The fountain of information at the heart of science has become a fire hose, and an increase to river-like volumes is on the way.

The CERN particle collider in Geneva, Switzerland, for instance, currently produces more than 1 petabyte, or about 1,000,000,000,000,000 bytes, of information every year. The words and other text in all the books in the Library of Congress, in contrast, add up to only about one-thousandth of that information, or one terabyte (1 trillion bytes).
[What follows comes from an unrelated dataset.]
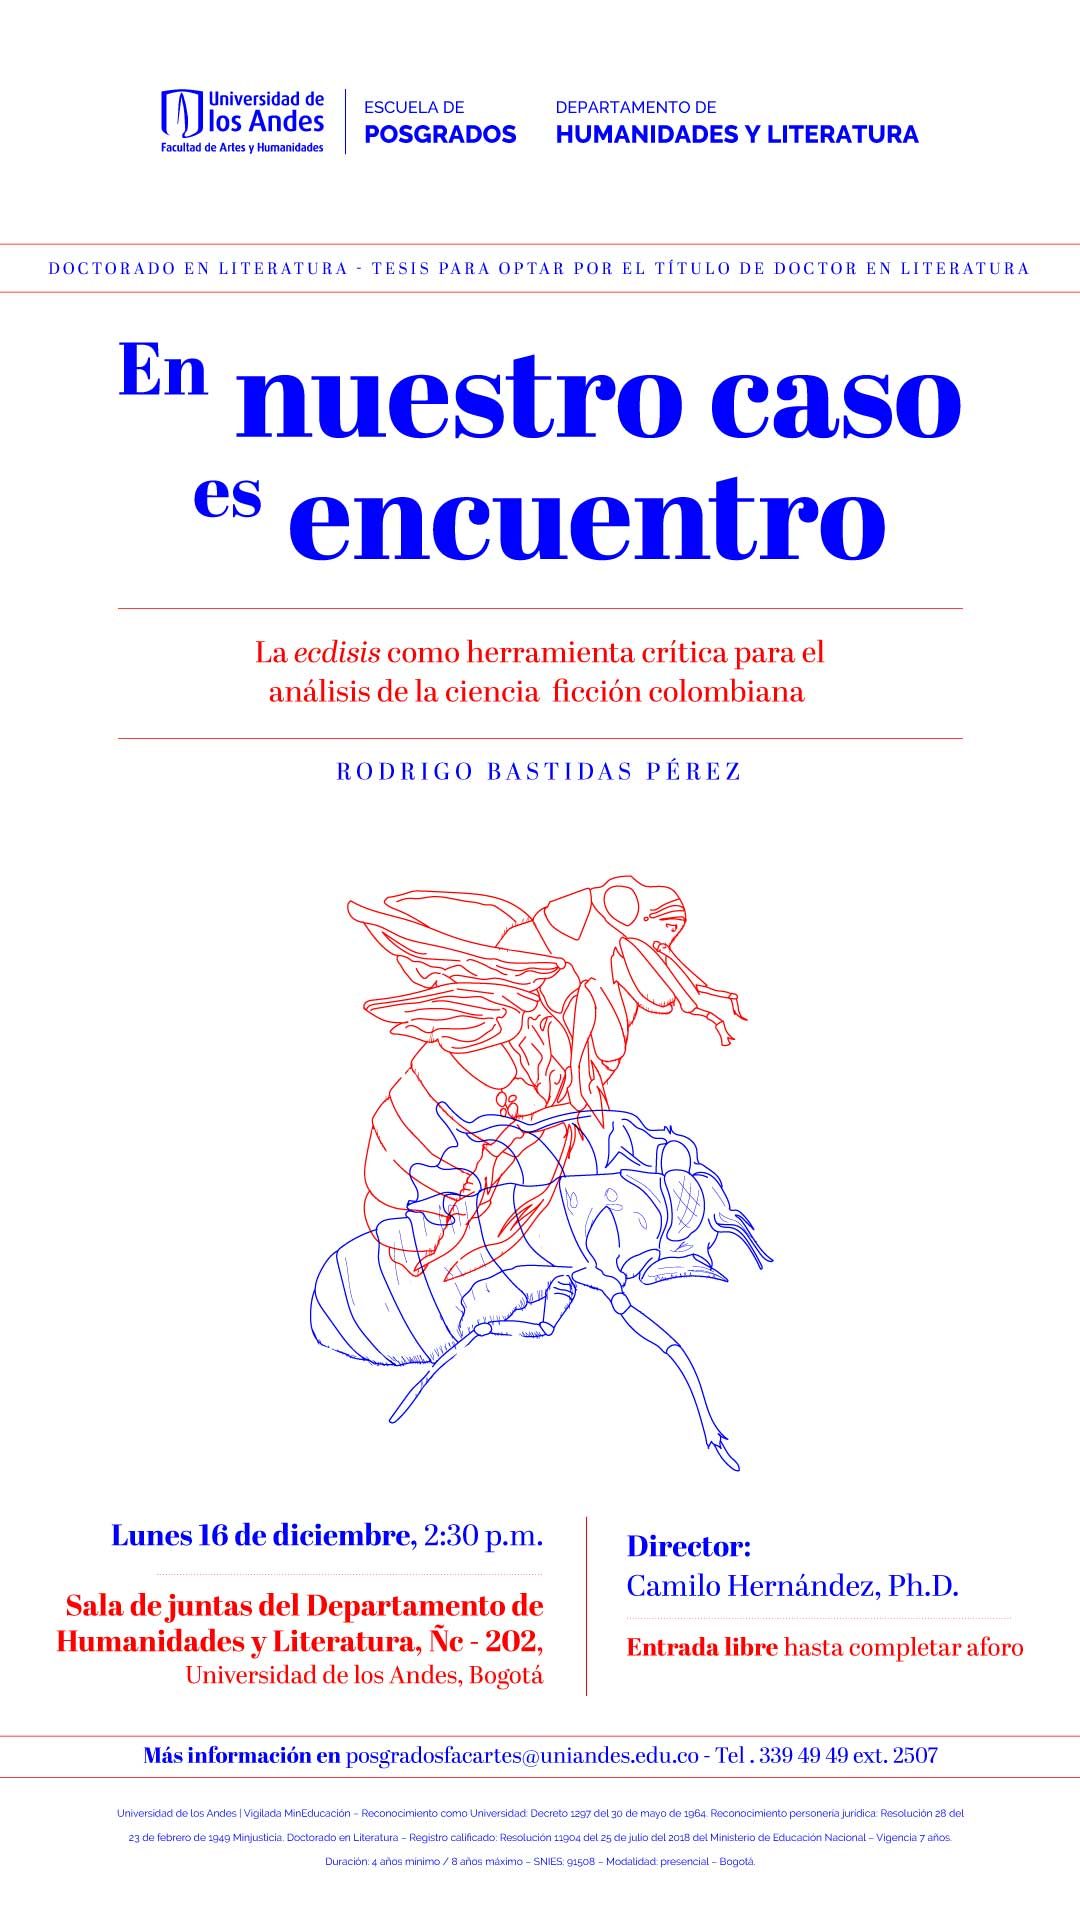 Tesis para optar por el título de doctor en Literatura por Rodrigo Bastidas Pérez

And CERN is just one example of the tremendous information-generating powers of modern science.

"Our current ways of doing science are very much based on the concept that our data sets are so small that we can sort of ?eyeball' the whole thing and locate the interesting data," says Alexander Szalay, Alumni Centennial Professor of Physics and Astronomy at The Johns Hopkins University. "And with the data sets we are getting in an increasing number of areas of science, this is just not going to be feasible. So we have to do something drastically different."
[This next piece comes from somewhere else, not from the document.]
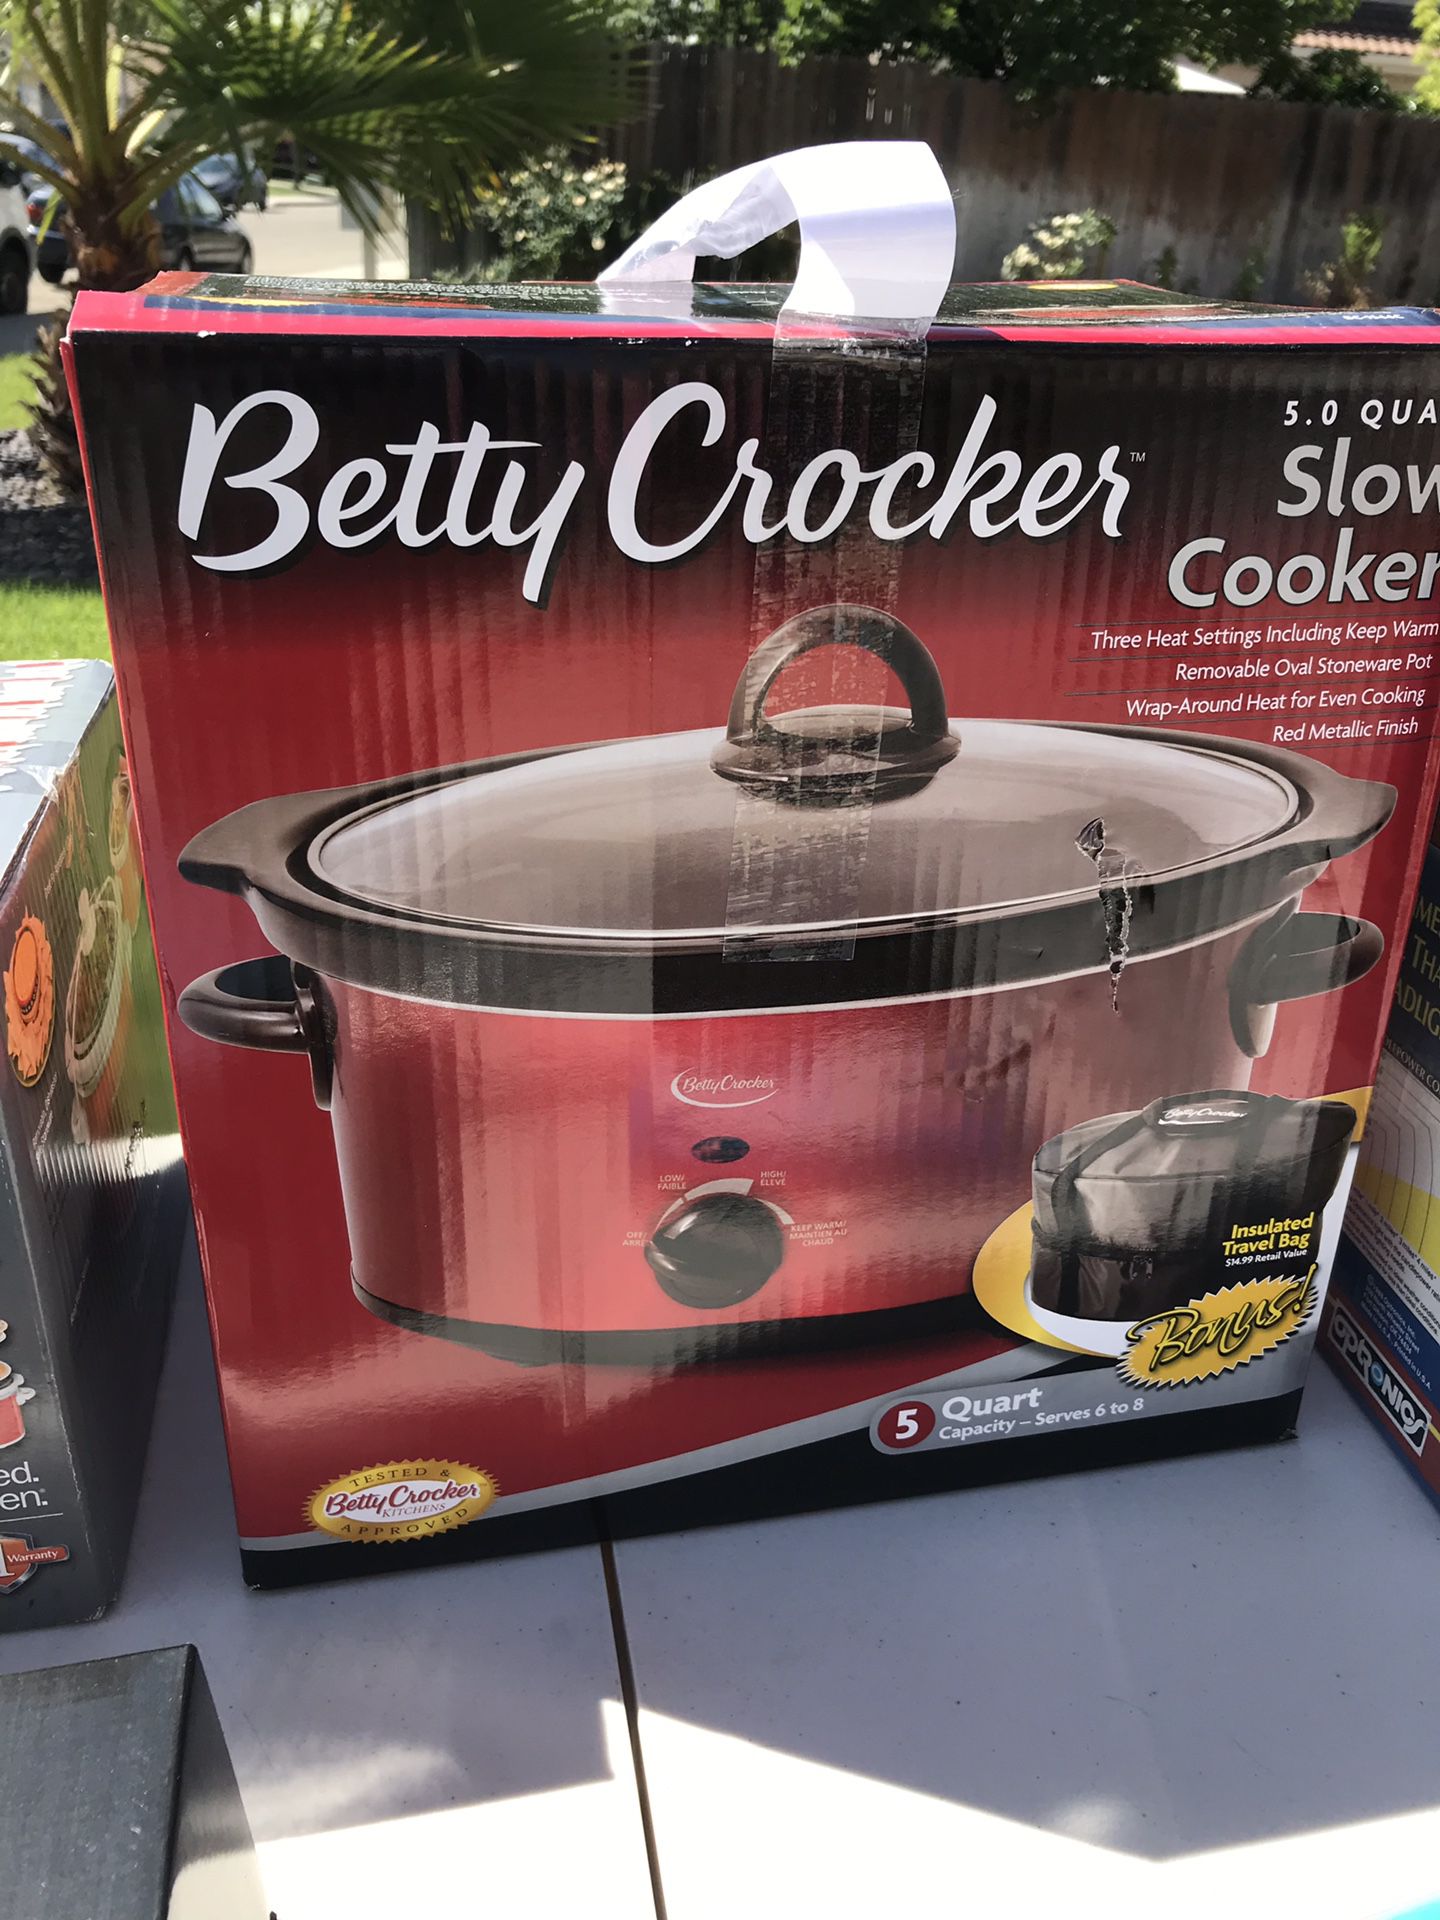 Betty Crocker 5qt slow cooker

Szalay leads an interdisciplinary team of researchers developing new ways to store, access and search large volumes of data. Participants in the Hopkins-led collaborative include scientists from Cal Tech, the U.S. Department of Energy's Fermilab and Microsoft Corp. They have been working together for several years already; this month they will receive the first formal support for their efforts in a 3-year, $2.5 million grant from the National Science Foundation.
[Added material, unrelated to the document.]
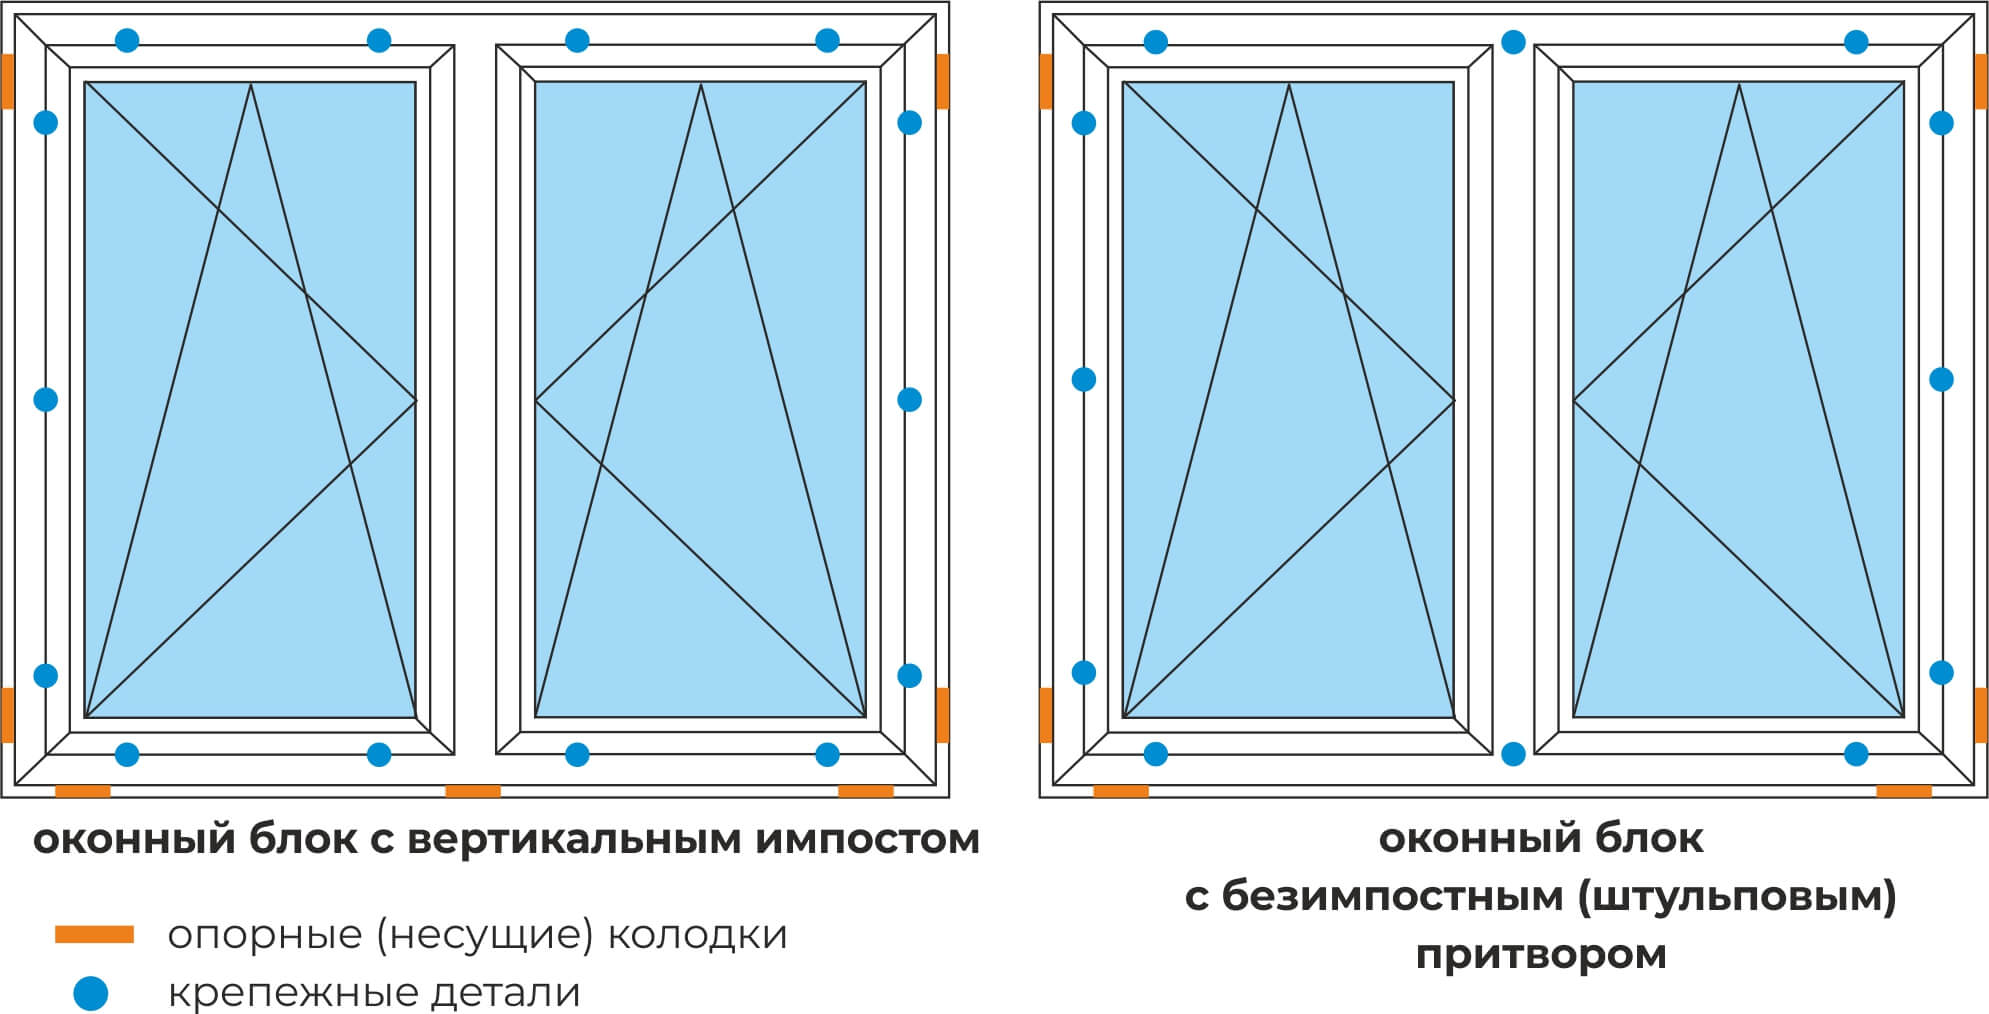 Схема расположения дистанционных подложек

"This problem is of course much bigger than astronomy or particle physics," Szalay says. "I think this is actually becoming more a problem for the whole society. We are choking on information, and we have to sort out the relevant from the irrelevant. So I think what we're doing is a very interesting test bed for experimenting with new technologies that could have broader applications elsewhere."

Particle physicists were among the first to have to deal with huge quantities of information. Their work to manage that information led to the development of tools and techniques that found uses beyond the realm of the physics lab, notes Aihud Pevsner, Jacob P. Hain Professor of Physics and Astronomy at Johns Hopkins and a member of the collaborative.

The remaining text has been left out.